The surgeons then removed the patient’s diseased native small bowel and colon, resecting close to the intestine’s antimesenteric border to help preserve any collateral blood vessels supplying the Indiana Pouch.

To prepare for the vascular connections to the intestinal allograft, transplant surgeon Mohammed Osman, MD, dissected areas on the patient’s infrarenal aorta and inferior vena cava (IVC). He also constructed an arterial jump graft using a segment of donor iliac artery.

Working with the allograft, transplant surgeon Masato Fujiki, MD, identified the superior mesenteric vein (SMV) and superior mesenteric artery (SMA). He ligated and cut the small vessels in the root of the mesentery to lengthen the vessels. He identified and ligated the splenic extension from the SMV.

The intestinal allograft was positioned in the recipient’s abdomen and the donor SMV was anastomosed to the native IVC in an end-to-side fashion. The donor SMA was anastomosed to the previously constructed arterial jump graft from the native infrarenal aorta.

Clamps were released and reperfusion was uneventful. The allograft perfused well throughout its length.

Dr. Lightner then constructed a gastro-jejunostomy to connect the native stomach to the allograft. She anastomosed the remnant limb of the native biliary-pancreatic complex to the transplant jejunum approximately 35 centimeters away from the gastro-jejunostomy to avoid reflux of bile into the efferent limb.

The surgical team had considered connecting the allograft to the native rectum but elected not to proceed, based on the appearance of the pelvic floor and presurgical results of rectal manometry.

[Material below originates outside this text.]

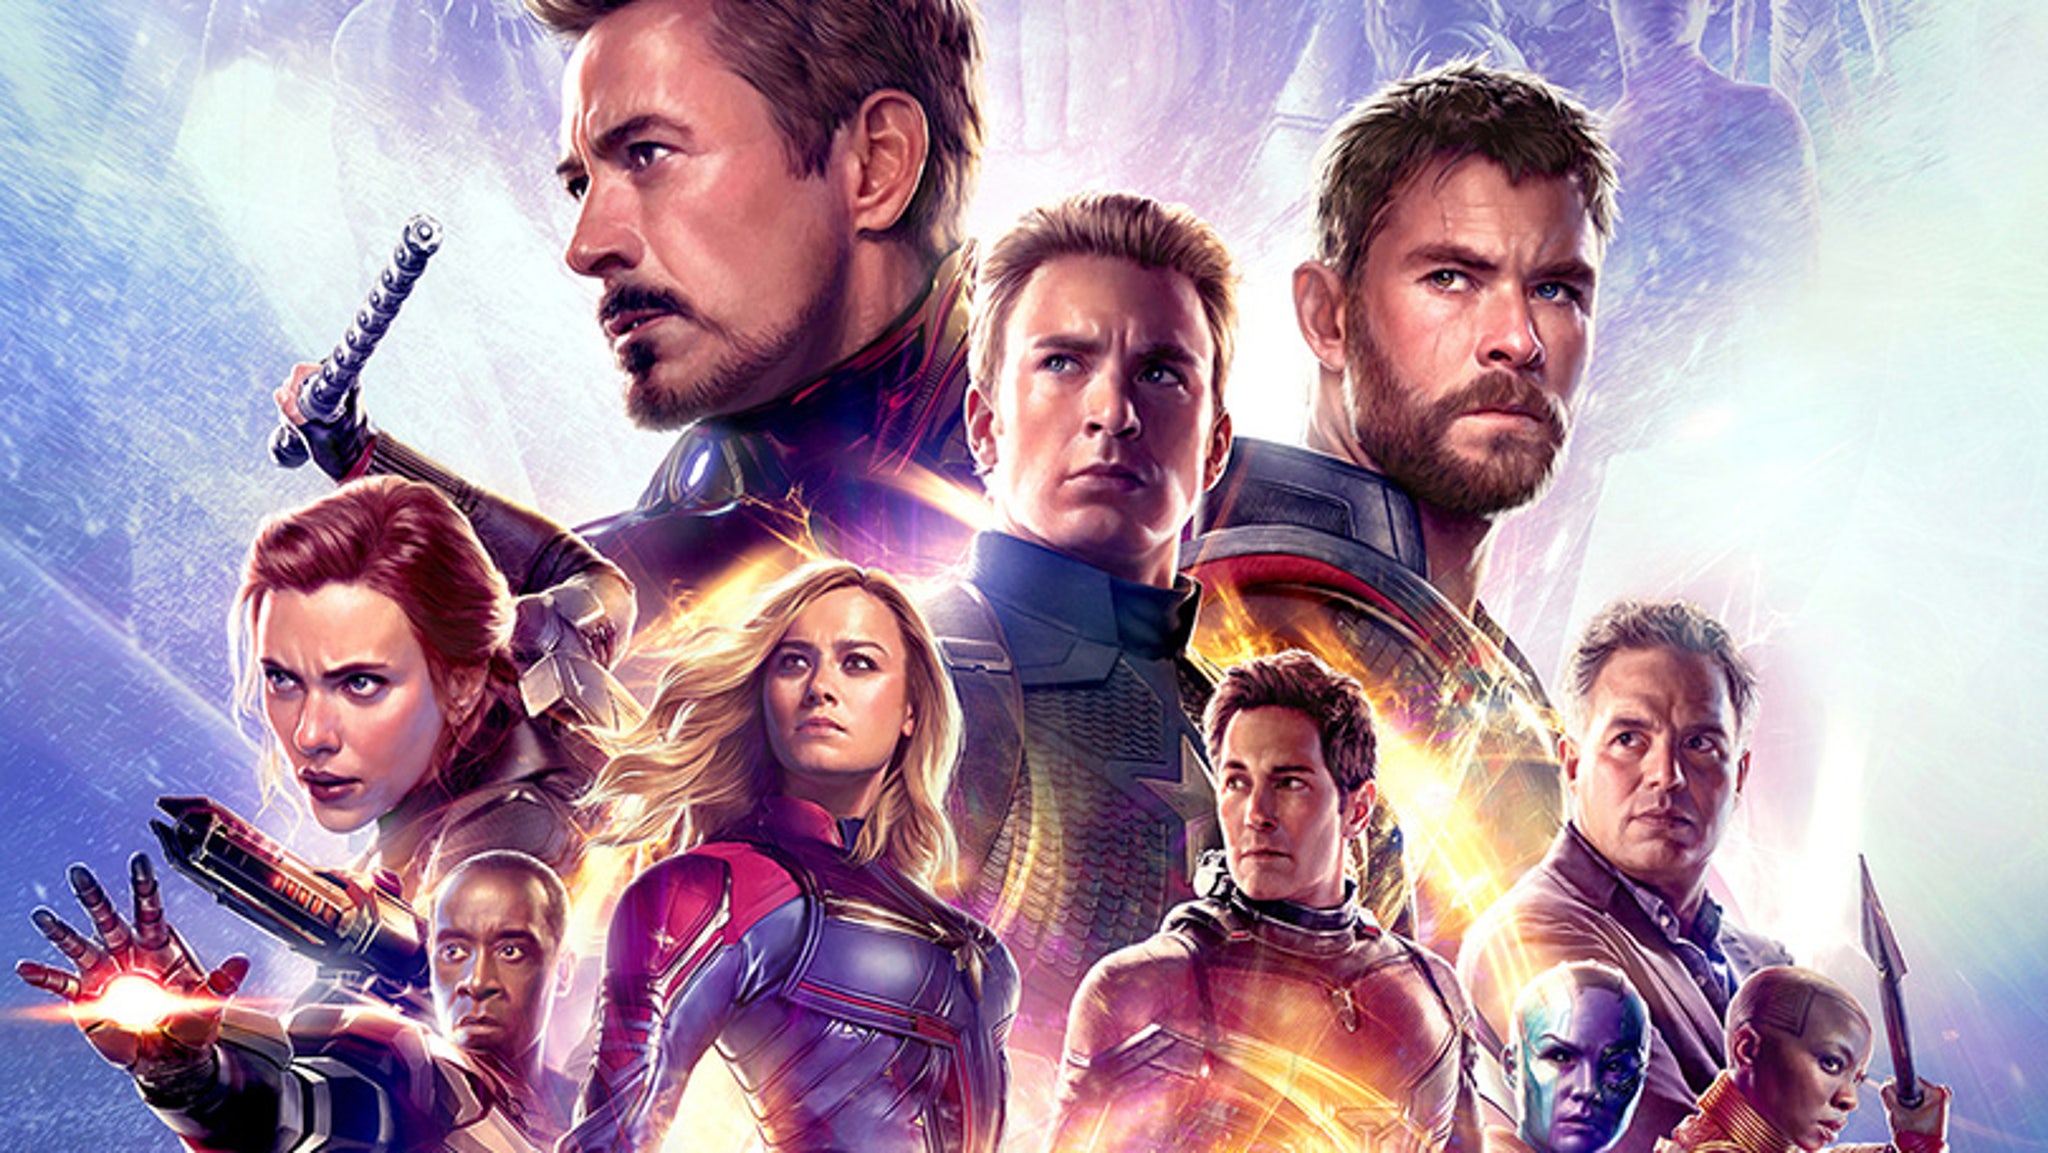 The Critics Have Spoken: Avengers Endgame Early Reviews Are In

A terminal ileostomy was brought out of the previous loop ileostomy site. A parastomal hernia in the loop ileostomy site was dissected out and repaired. An end ileostomy was fashioned and matured. The patient’s anterior abdominal wall was reconstructed using biologic mesh sutured to the rectus sheath and the abdominal incision was closed.

After an uneventful recovery and discharge several weeks following the transplant, the patient has resumed a regular diet. “She is exploring new foods,” Dr. Vaidya says. “The joy that she’s gotten back into her life is spectacular to see.”